In fact, the key change is that economic assistance is once again subsidising and reinforcing Kim Jong Il's hold on power. Heavy fuel oil, food and other humanitarian assistance from South Korea, and substantial secret aids from China are all flowing North.

What India should, however, worry about more is North Korea's nexus with Pakistan and the two countries' clandestine proliferation activities. Pakistan's status as a key ally of the US in the war against terrorism has not protected it from allegations of secretly supplying North Korea with uranium enrichment equipment and technical expertise in exchange for ballistic missile technology.

The US takes a benign view of the Pakistani military's covert operations when Pakistan's strategic cooperation is important to America. But nuclear proliferation and relations with India become sticking points in the US-Pakistan relationship when Islamabad's strategic cooperation becomes less significant.

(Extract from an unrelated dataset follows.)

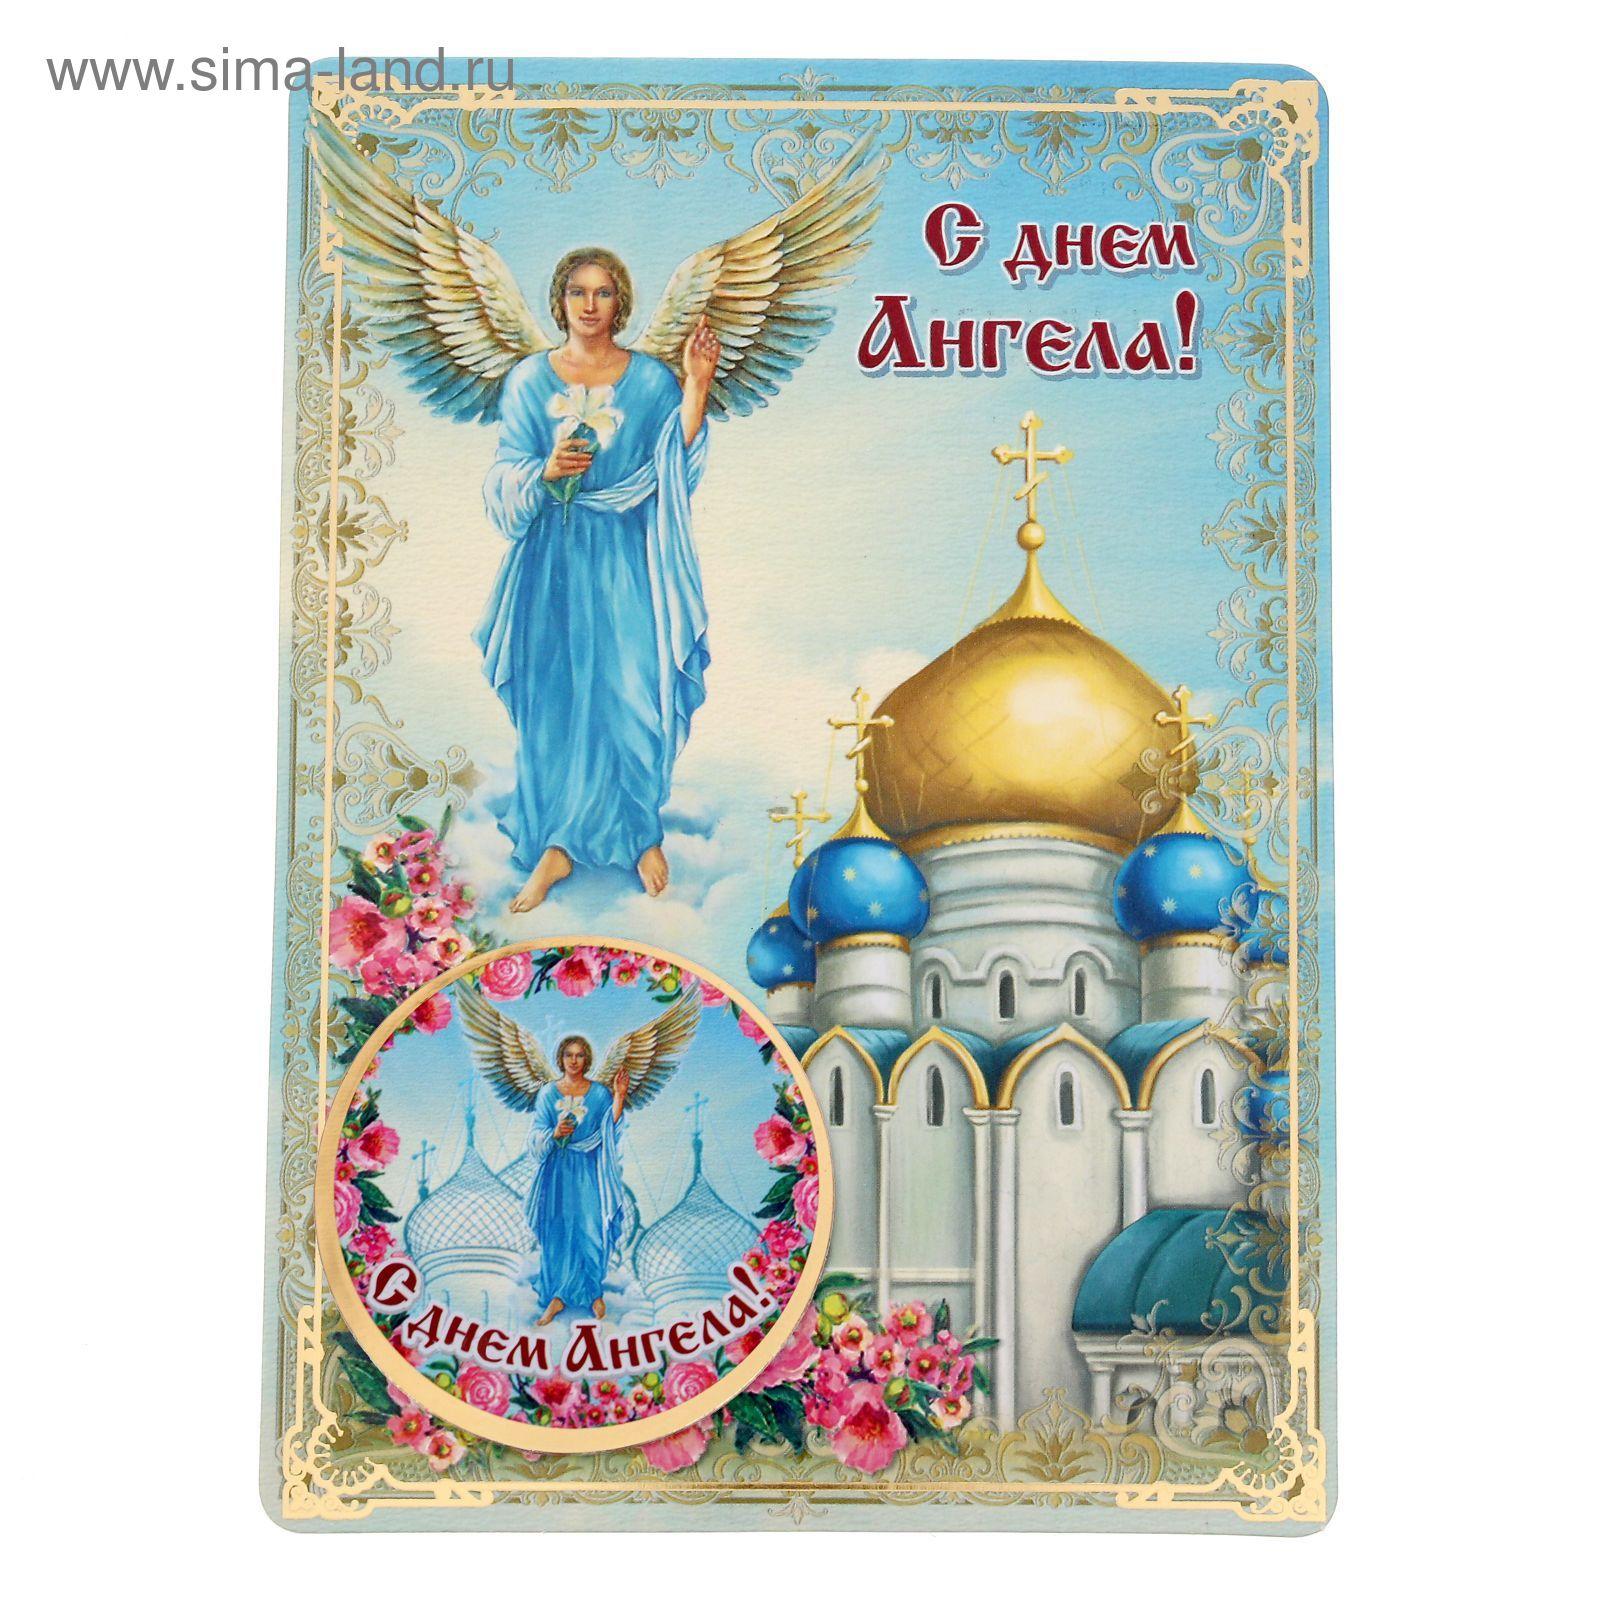 Православные открытки вконтакте, сделать
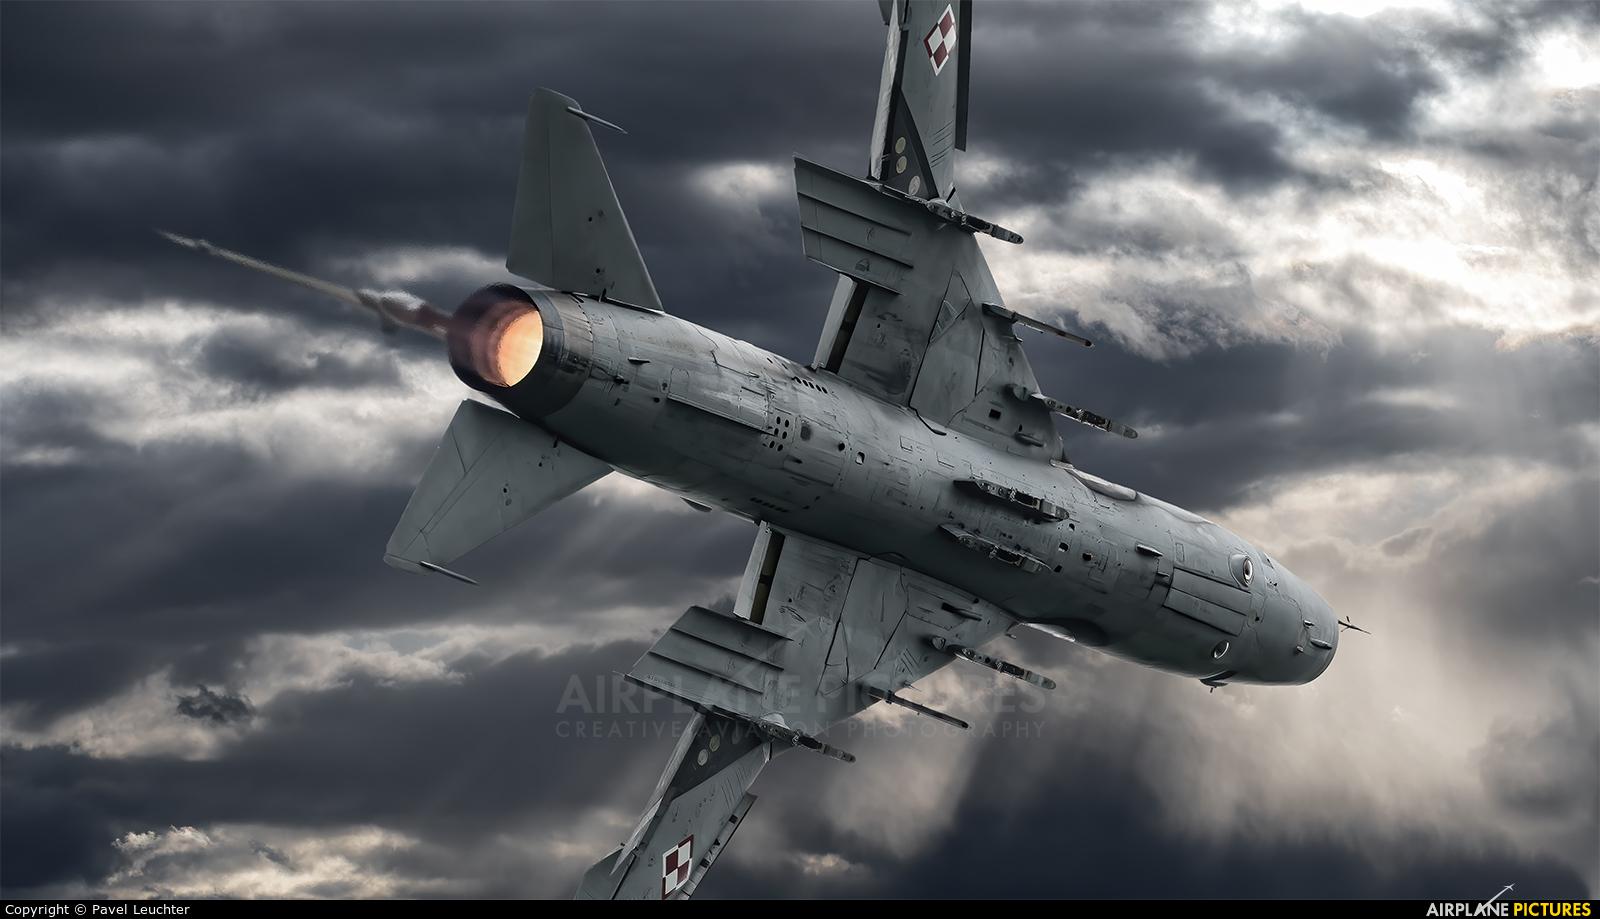 Poland - Air Force 3819 aircraft at Zeltweg

The reports about Pakistan exchanging nuclear know-how for ballistic missiles with North Korea keep pouring in on the one hand, when the US keeps forwarding the alibi of 'indispensability' of Pakistani support in its anti-terrorism operations, on the other.

Back in October 2002, it was so inopportune for Gen Pervez Musharraf that news of Pakistan's North Korean connection surfaced soon after his Government conducted the legislative election that resulted in a hung Parliament. But the US failed to criticise Gen Musharraf's conduct, just as it ignored the one-sided presidential referendum in April and arbitrary amendments to Pakistan's constitution in July.